Неприятно шкрябая шершавым стволом дерева по телу, продолжая мысленный монолог, устремился вниз.
"Вообще-то, он правильно делает, и я его прекрасно понимаю. Своё съесть еще успеется. Да и чужое отчего-то вкуснее...".
Вскоре, схватив за мягкий загривок почувствовавшего свою вину и покорно семенящего лохматыми ногами барашку, выпроводил его из запретной зоны. Не забыв при этом свободной рукой на ходу выхватить прямо с грядки упругий душистый огурец. Прикрыв калитку в огород, вытирая колючий завтрак о белую майку, отправился к поросячьему домику.
Приподняв деревянную крышку кормушки, заглянул в сашок. На свежей жёлтой соломе, вытянув копытца, лежал розовый хрюн.
Правый дальний угол свинарника выделялся обугленно-тёмным пятном. Оставленный след сразу напомнил о нешуточной детской забаве со спичками.
Недавно выстроенный и временно пустующий деревянный домик очень притягивал детвору своею миниатюрностью. Словно предназначался для маленьких человечиков вроде нас с братаном. Окна отсутствовали, внутри царил полумрак, это и вынудило нас принести парафиновую свечку для полного комфорта. Такая имелась на случай отключения электричества в каждом уважающем себя жилище.

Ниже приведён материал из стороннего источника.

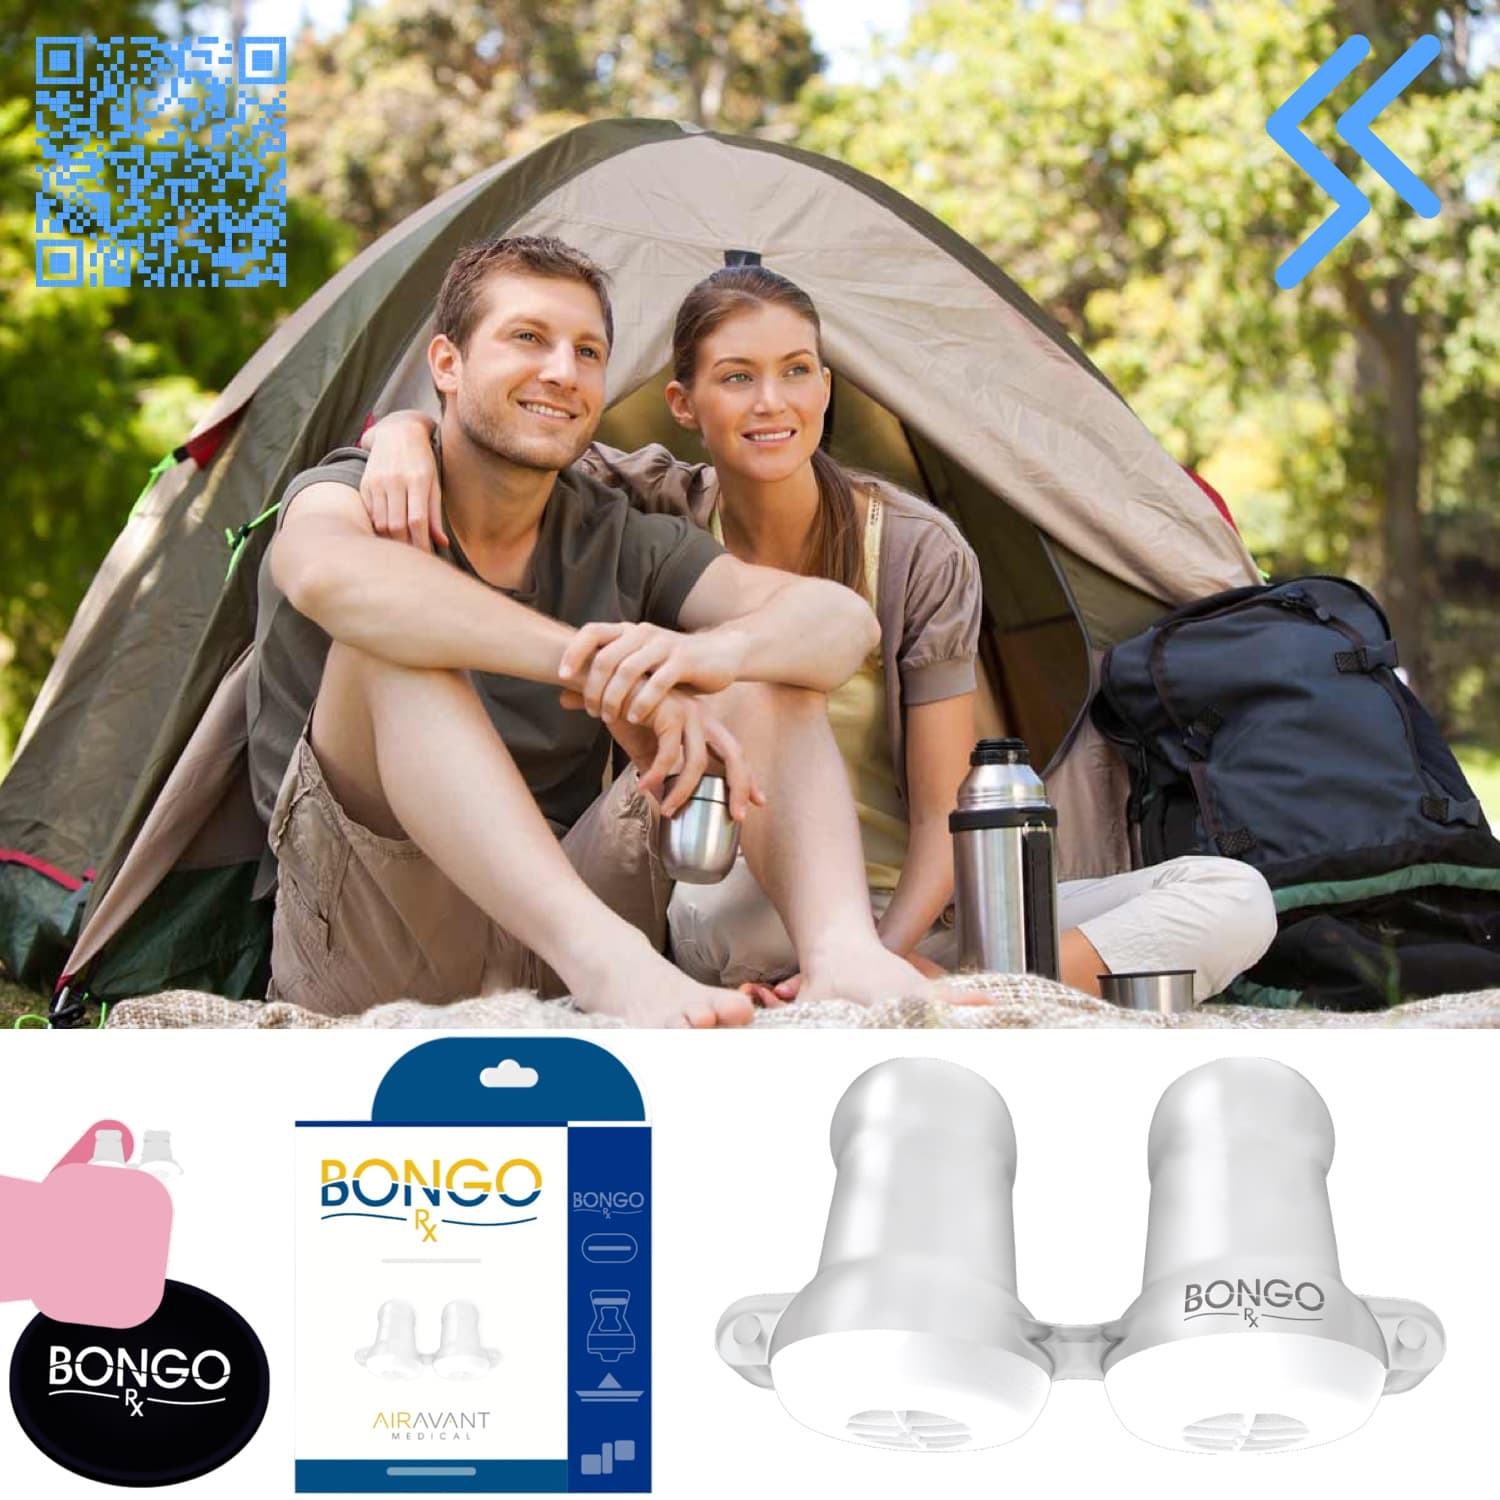 Bongo Rx - EPAP device on the camping

Покрутившись на веранде у керосиновый лампы, решив, что если разобьем тонкое стекло, нахлобучки точно не миновать, пошушукались и решили свистнуть спички и остаток толстой свечи. Стараясь не греметь заветным коробком, пряча под майкой пожелтевший огарок и строя беззаботный вид, тихо улизнули из дома. Вскоре на душистом сене, в старой стеклянной рюмке, горел бездымный пламенный язычок. Укрывшись от взрослого бескрайнего мира, сгрудившись на слегка покалывающей подстилке, мы всматривались в играющий огонёк. Живой лепесточек, зацепившись за почерневший фитилёк, отражаясь в сияющих восторгом глазах, словно в маленьких зеркальцах, магнетизировал детские взгляды. Уютную тишину нарушало лишь размеренное двойное сопение и слегка потрескивающий источник света.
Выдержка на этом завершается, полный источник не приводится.